A machine-rendered reading of the paper's core claim, the machinery that carries it, and where it could break.
Core claim
By extracting the dependency structure of Mathlib into a graph of 308,129 declarations, 8.4 million edges, and 7,563 modules and then decomposing the edges to isolate explicit ones, the analysis finds a 50.9 percent coupling between human-designed namespaces and logical structures, a median usage of only 1.6 percent of the imported scope, and that network centrality primarily identifies language infrastructure rather than mathematical relevance.
What carries the argument
A multilayer dependency graph of declarations and modules, decomposed to isolate explicit edges from compiler-synthesized and proof-driven ones.
If this is right
- Human-designed taxonomies in formal libraries align only partially with the actual logical dependency structure.
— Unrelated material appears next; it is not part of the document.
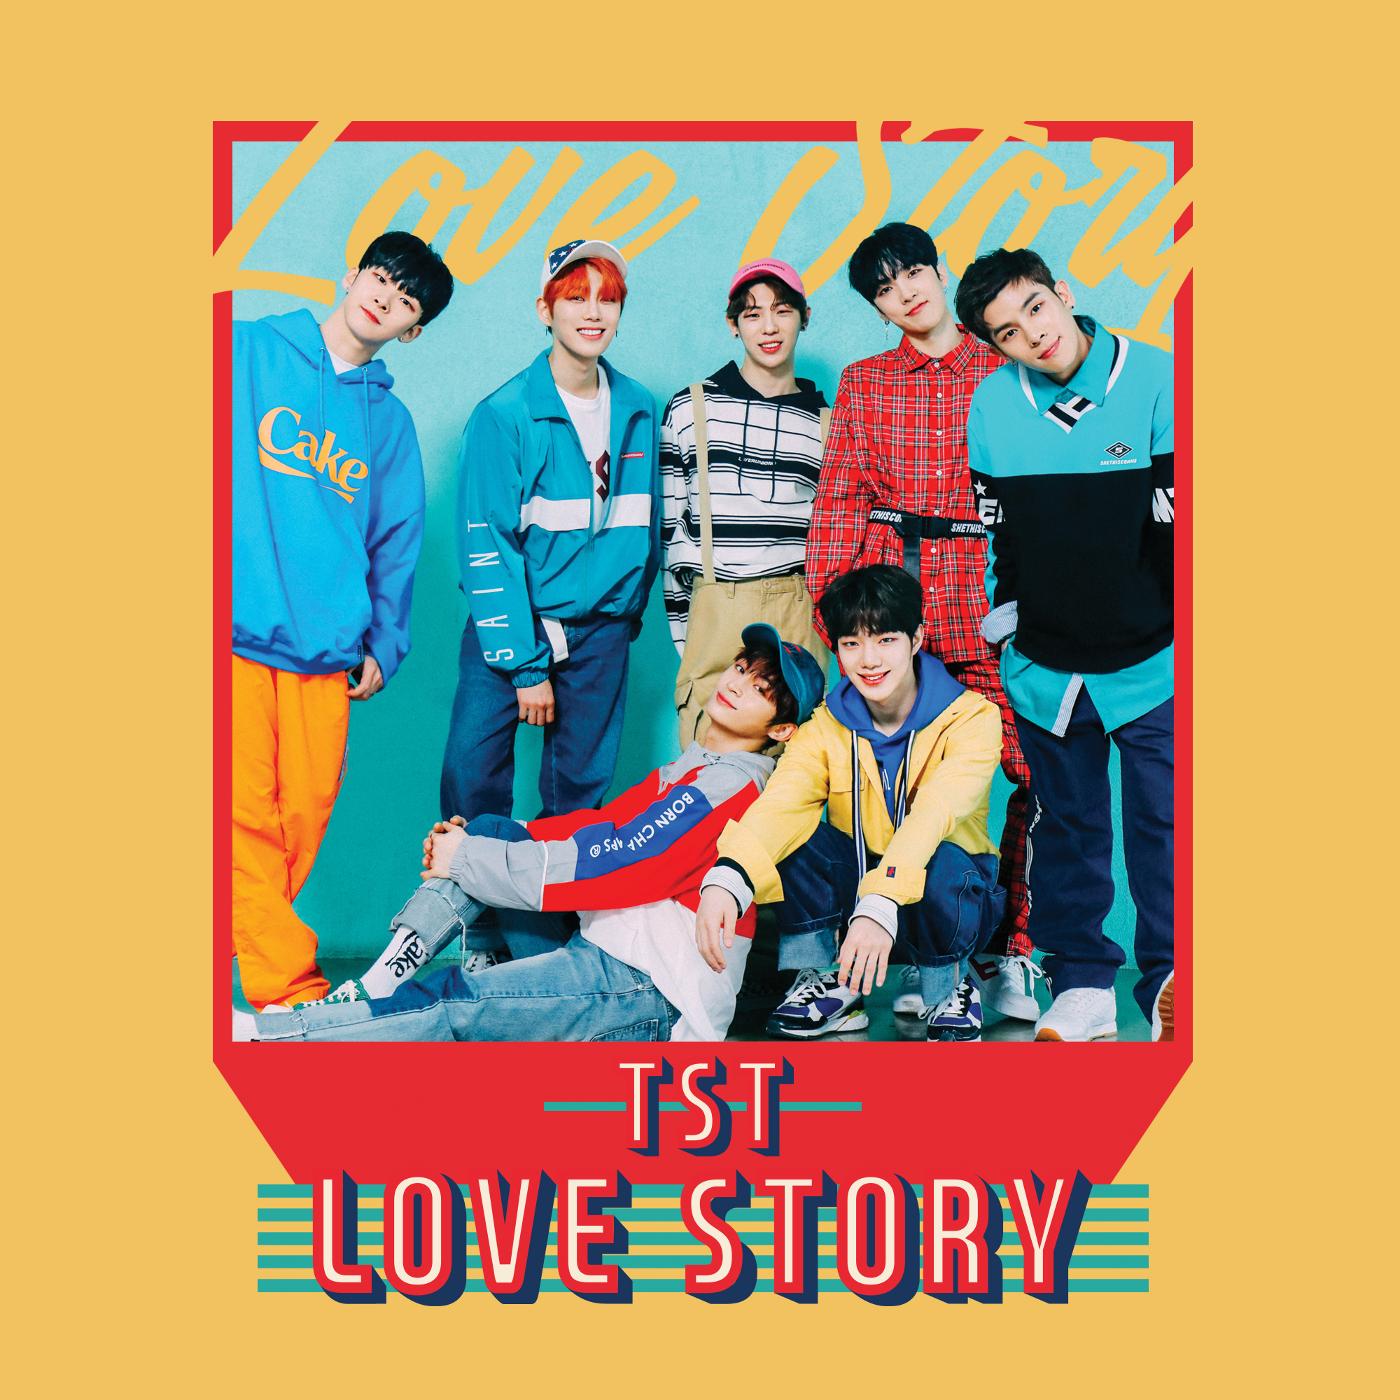 Love Story (TST)

- Developers import substantially more modules than they use in practice.
- Standard centrality measures applied to the library highlight foundational language components over advanced mathematical content.
- Formalization produces a compressed representation in which many semantic distinctions collapse into shared infrastructure.
Where Pith is reading between the lines
- Library design tools could use the measured import-utilization gap to suggest minimal import sets that still cover actual needs.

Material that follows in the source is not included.